FY20 fourth quarter net operating profit increased by 84% to US$223.2 million. Non-GAAP net operating profit increased 24% to US$243.4 million.

This final quarter contributed to a strong 2020 result. Revenue rose by 13% to US$2.96 billion. The gross margin improved by 80 basis points (0.80%) to 59.8%.

Net operating profit increased by 40% to US$809.7 million and non-GAAP income from operations rose 24% to US$890.9 million.
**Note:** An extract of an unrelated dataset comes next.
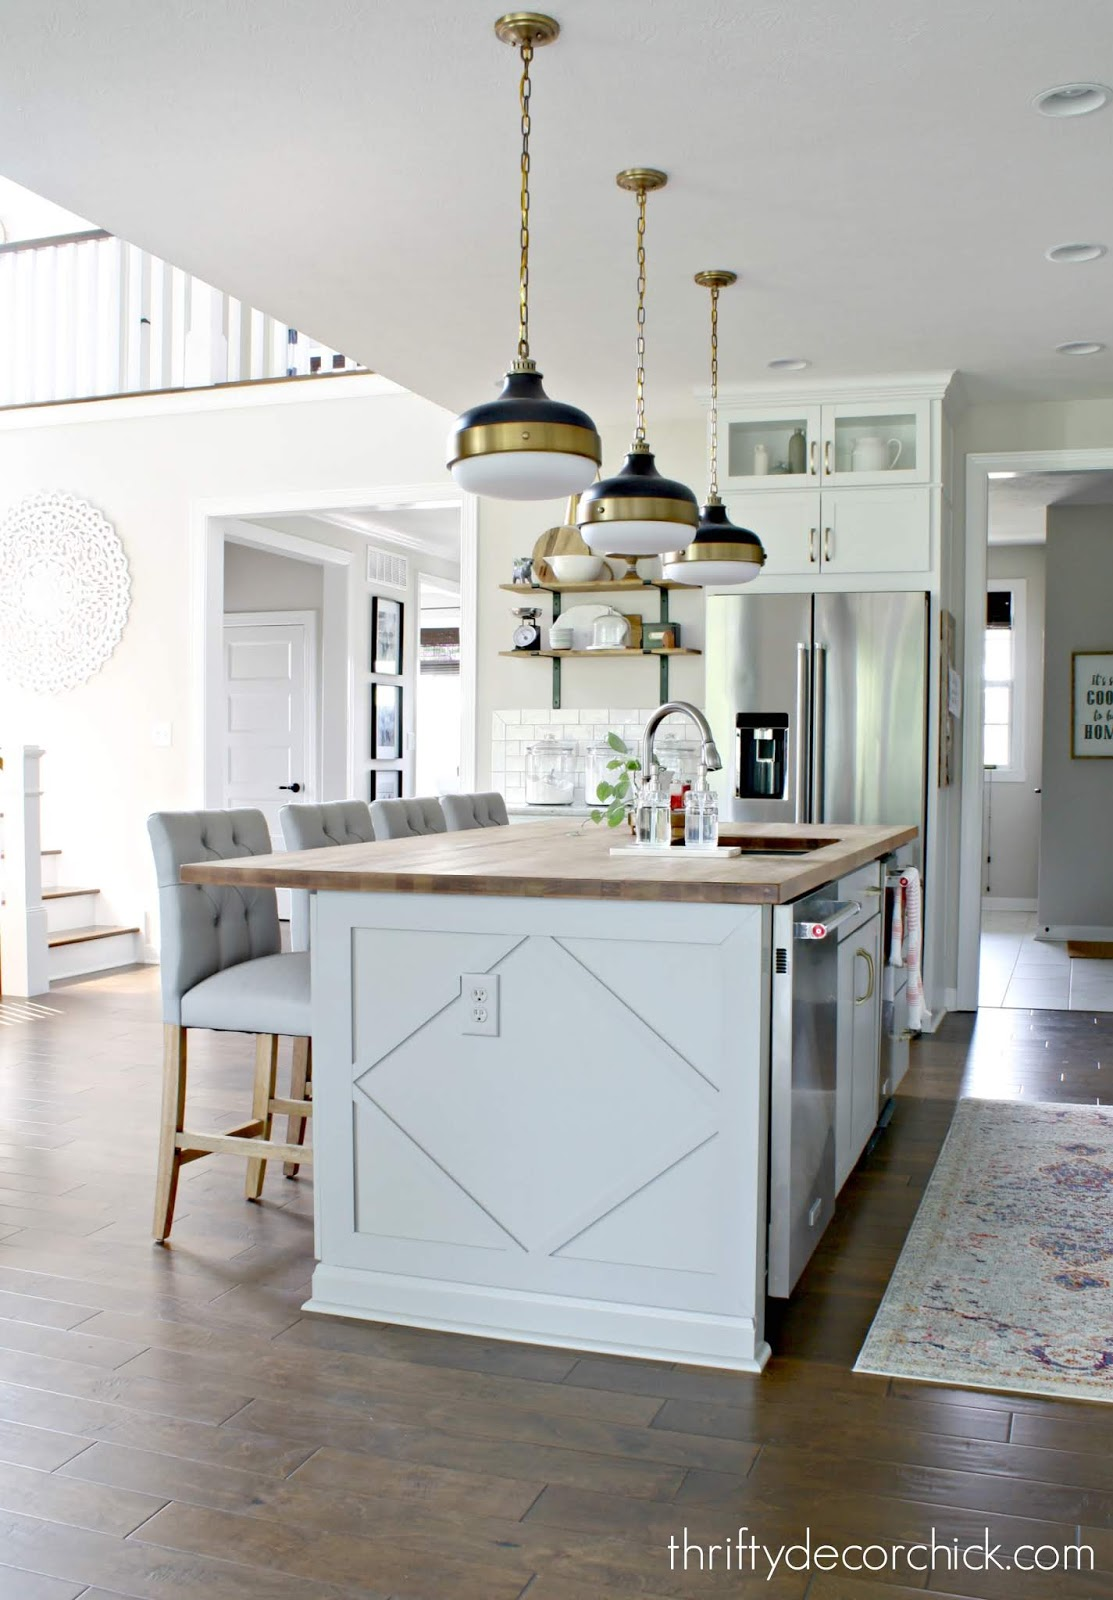 Adding custom detail to a plain kitchen island from - Adding a kitchen island ...

The main area of growth was revenue in Europe, Asia and other markets in the fourth quarter where revenue increased 22% on a constant currency basis mainly due demand for ventilators due to COVID-19. Software as a service (SaaS) revenue rose 7% in the fourth quarter. Costs reducing by 4% also helped.

The ResMed board decided to declare a quarterly cash dividend of US$0.39 per share.

Nick Scali Limited (ASX: NCK) share price jumps 17.3%

Nick Scali’s shares have surged after reporting its FY20 result.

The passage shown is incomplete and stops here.